Aux États-Unis, chaque année, plus de personnes meurent du cancer du poumon que des cancers de la prostate, du côlon et du sein réunis. Notre famille a cependant retrouvé espoir lorsqu'une biopsie a révélé que les cellules cancéreuses de mon père avaient un marqueur moléculaire à leur surface, ce qui en faisait un candidat idéal pour l'erlotinib, un médicament qui pourrait perturber leur croissance. Quelques semaines seulement après qu'il ait reçu sa première dose, ma mère m'a téléphoné avec des larmes de joie dans la voix pour me dire que les tumeurs diminuaient.

L’erlotinib est un exemple classique de ce que les médecins appellent la « médecine personnalisée » ou parfois la « médecine de précision ». Contrairement aux soins de santé traditionnels et universels, la médecine personnalisée utilise les informations génétiques moléculaires sur les patients pour délivrer le bon traitement, au bon patient, au bon moment. D’éminents généticiens médicaux, des scientifiques fédéraux influents, des dirigeants du système hospitalier et même des élus prévoient que les traitements contre le cancer seront à la pointe d’une révolution génomique, ouvrant la voie à une nouvelle ère de remèdes miracles et de solutions biomédicales magiques, et transformant fondamentalement les soins prodigués aux patients désespérés.

Alors que les coûts des soins de santé montent en flèche, certains partisans de la médecine personnalisée envisagent une alternative plus abordable aux traitements traditionnels, une alternative qui adapte les interventions dès le début du traitement plutôt que d’envoyer les patients dans une odyssée d’essais et d’erreurs. Selon eux, cette approche pourrait réduire le gaspillage tout en augmentant la qualité des soins. De plus, l’affirmation est que la recherche en médecine personnalisée qui donne la priorité à la participation des communautés marginalisées garantira que ces avancées s’étendront à tout le monde, luttant ainsi contre les disparités raciales et sociodémographiques en matière de santé.

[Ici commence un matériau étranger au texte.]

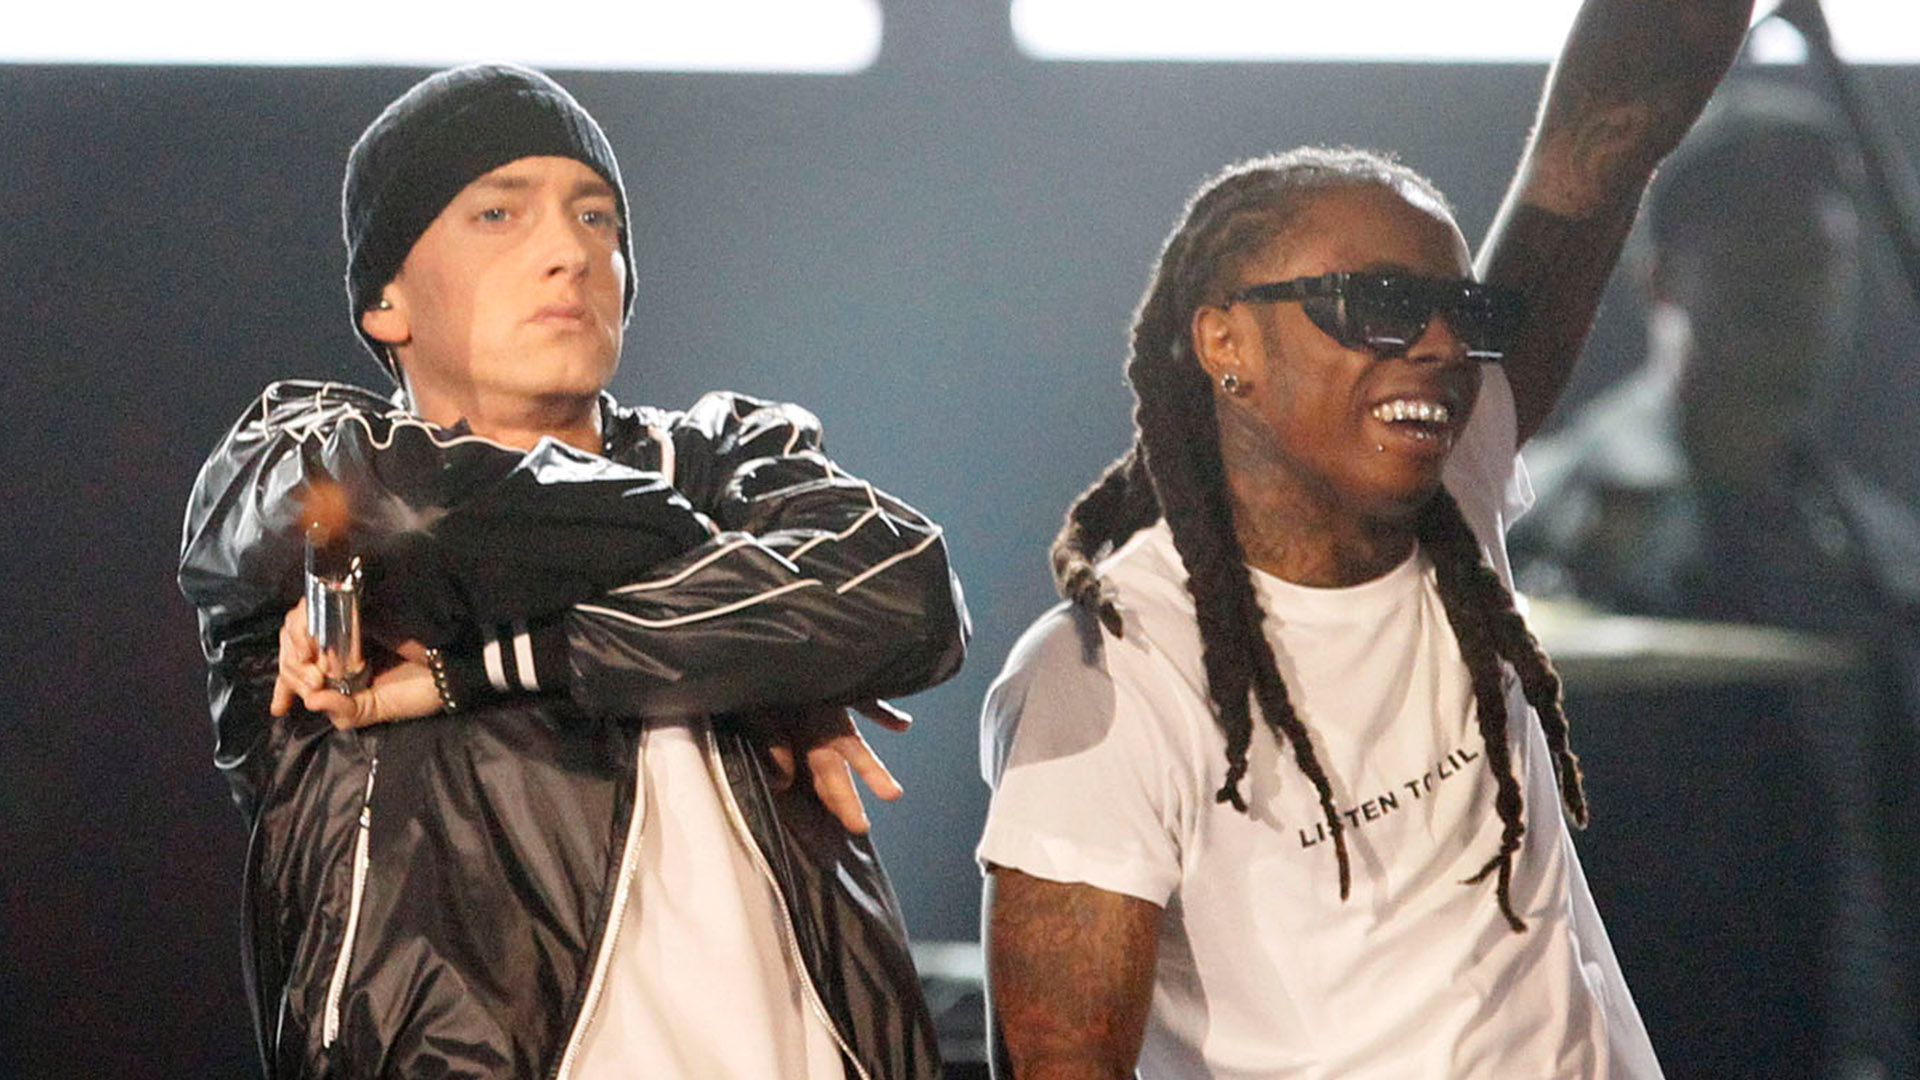 Eminem – “No Love” feat. Lil Wayne Surpassed 500 million views on YouTube |  Eminem.Pro - the biggest and most trusted source of Eminem
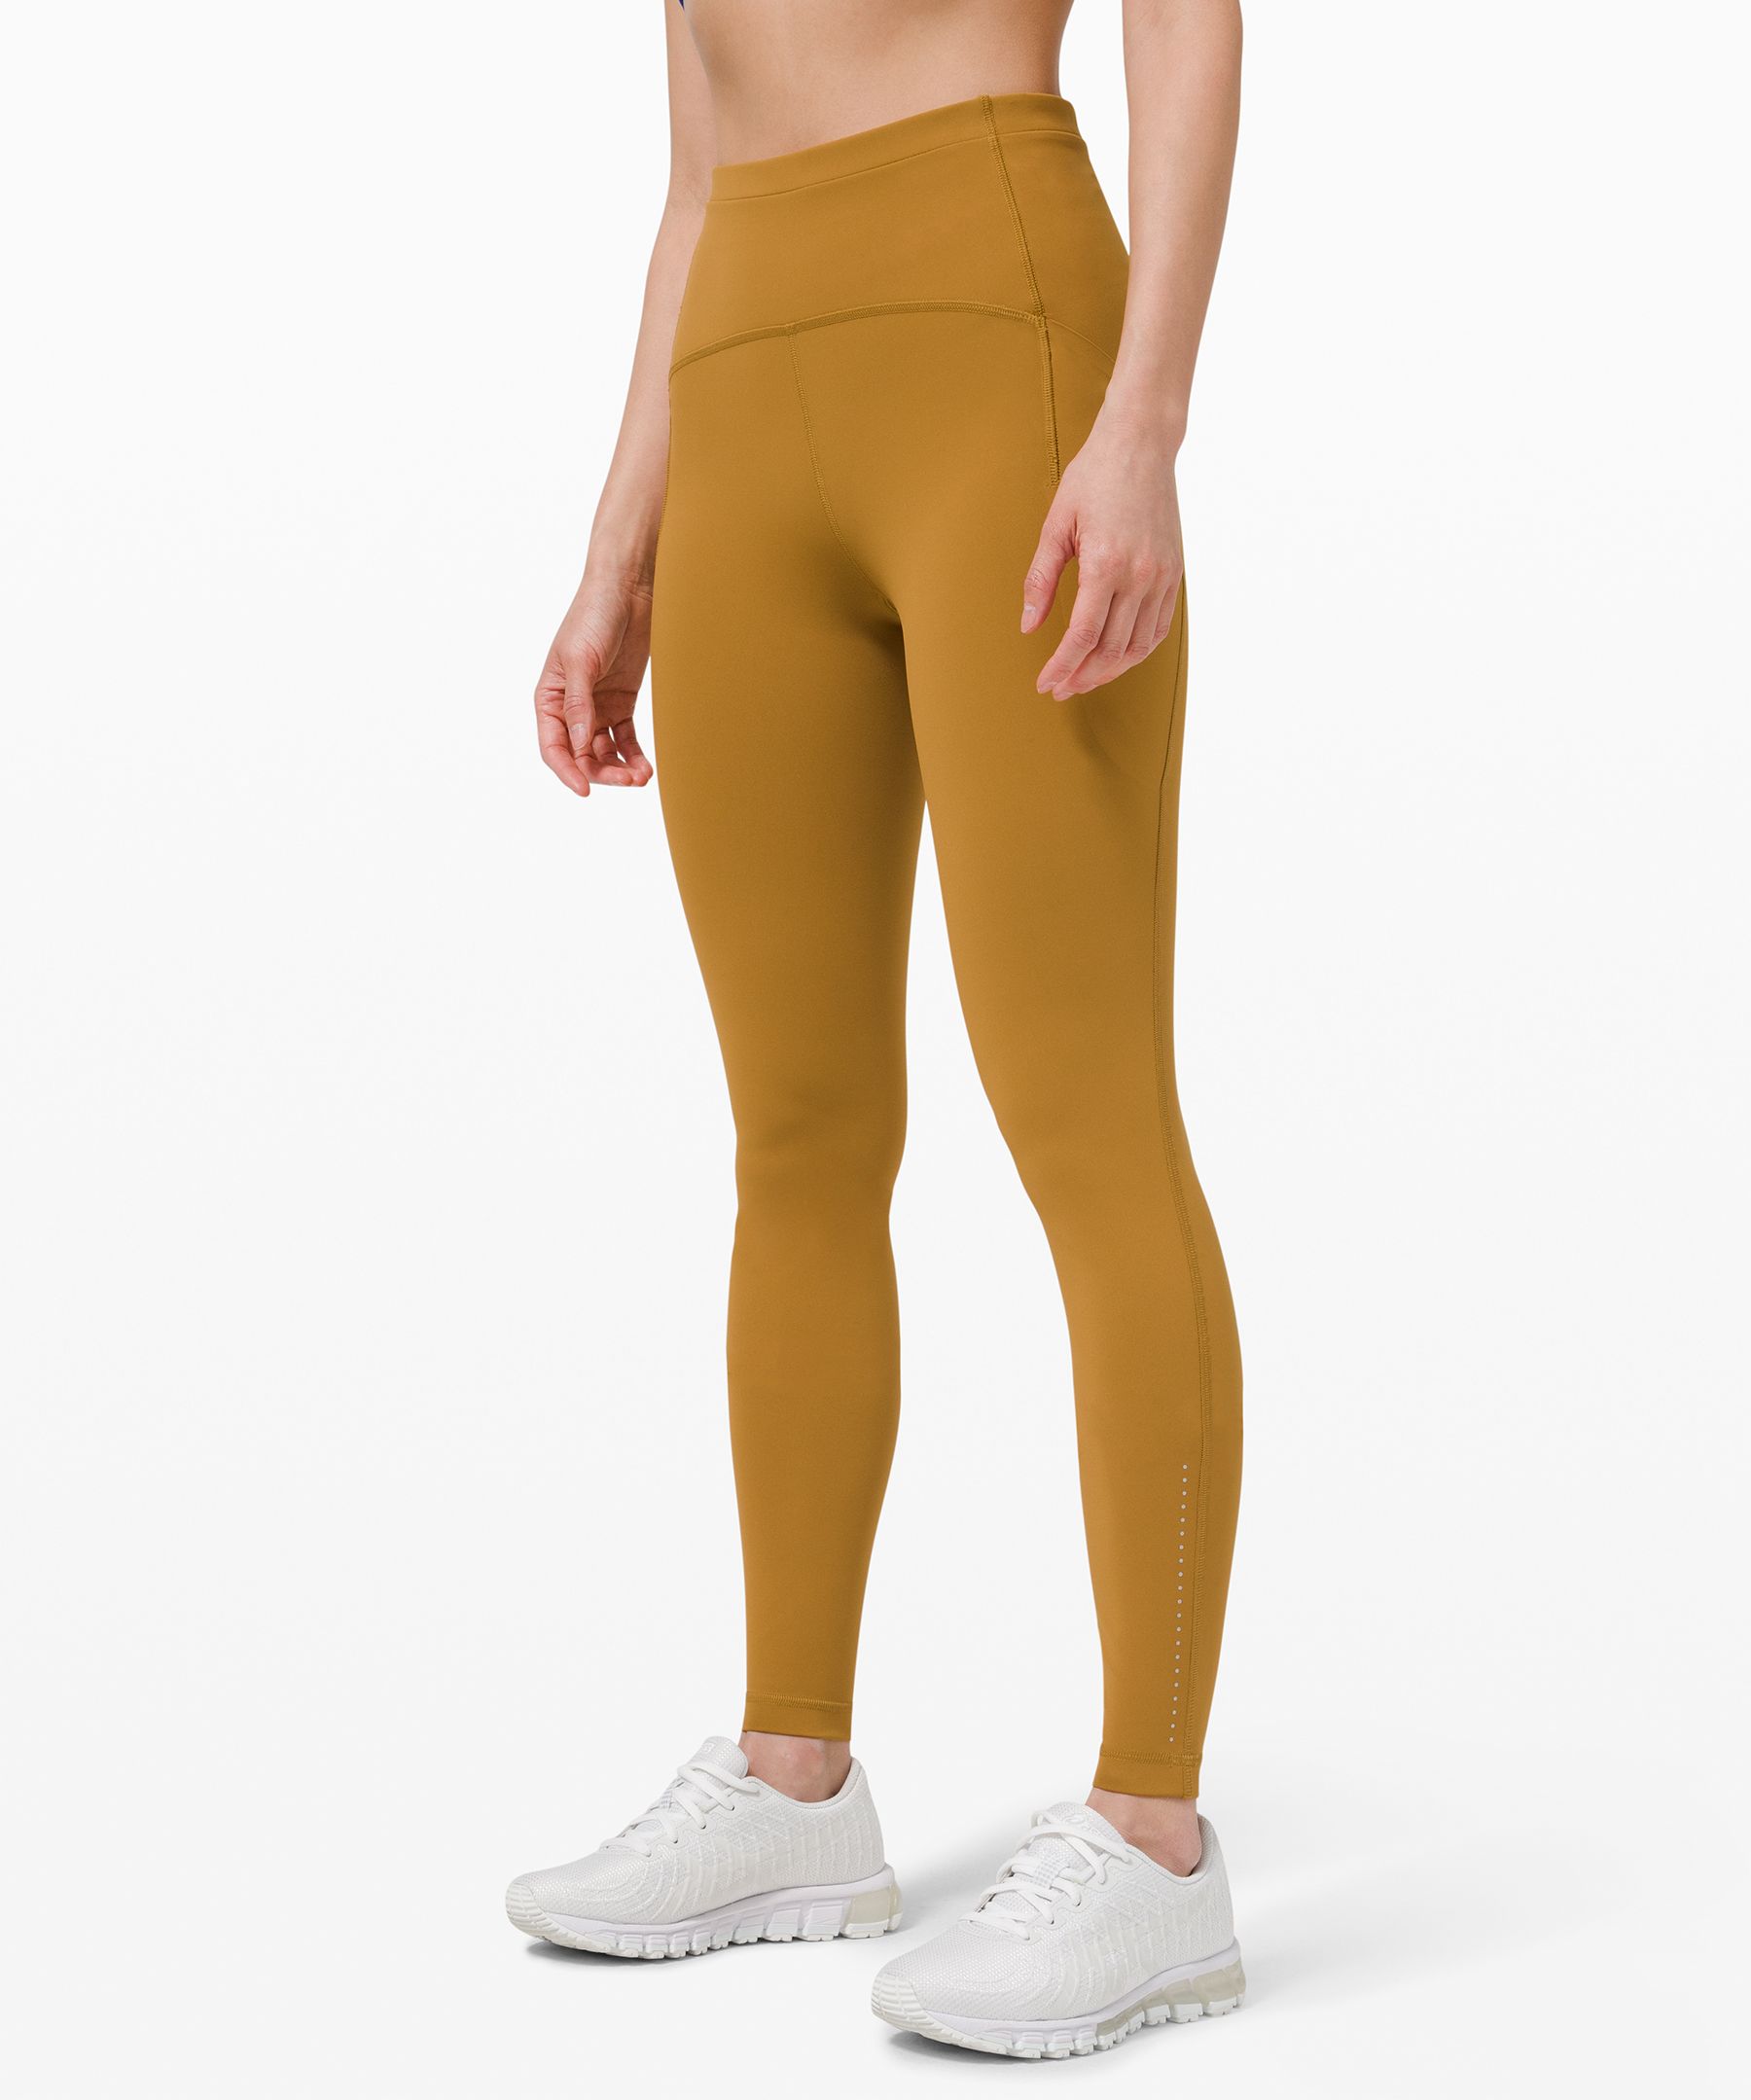 Lululemon Swift Speed High-rise Tights 28" In Spiced Bronze

Il est difficile de ne pas être enthousiasmé par un avenir guidé par cette révolution médicale. Mais un examen plus approfondi du cancer du poumon, et plus particulièrement de l'expérience de mon père, dresse un tableau bien plus sombre que ce que les champions de la médecine personnalisée voudraient vous faire croire.

Il existe certaines maladies pour lesquelles la génétique sauve réellement des vies ; en particulier, les patients atteints de maladies rares comme l'amyotrophie spinale et de certains cancers comme la leucémie myéloïde chronique peuvent désormais se voir prescrire des traitements de médecine personnalisée qui n'existaient tout simplement pas il y a une vingtaine d'années. Cependant, pour la plupart des patients atteints de la plupart des maladies, les nobles promesses ne se sont pas concrétisées. Plus dangereux encore, le battage médiatique a détourné l’attention des approches alternatives en matière de soins de santé, mieux adaptées à l’amélioration de la santé de chacun d’entre nous.

L’un des problèmes de la médecine personnalisée est son coût. Alors que les factures de ses biopsies, opérations chirurgicales et radiothérapies s’accumulaient, nous avons commencé à appeler mon père « l’homme à un million de dollars ». Le véritable eye-popper était l'erlotinib, au prix de plus de 5 000 $ pour un approvisionnement d'un mois en minuscules pilules. Un certain nombre d'autres médicaments contre le cancer du poumon ont vu le jour au cours des années qui ont suivi – l'osimertinib, le crizotinib et le sotorasib, pour n'en nommer que quelques-uns – dans une fourchette de 10 000 à 20 000 dollars par mois. En fait, ceux-ci se situent à l’extrémité abordable du spectre ; Les prix catalogue de 50 000 $ par mois ne sont pas rares pour les médicaments personnalisés.

Il y a une explication biologique simple à cela. La médecine personnalisée fonctionne en découpant les populations de patients en sous-groupes en fonction de leurs profils génétiques moléculaires. Pour le cancer du poumon, un certain nombre de distinctions biologiques sont faites, et ces distinctions se traduisent par un plus petit nombre d'utilisateurs potentiels pour un médicament donné, ce qui incite les sociétés pharmaceutiques à augmenter considérablement les prix.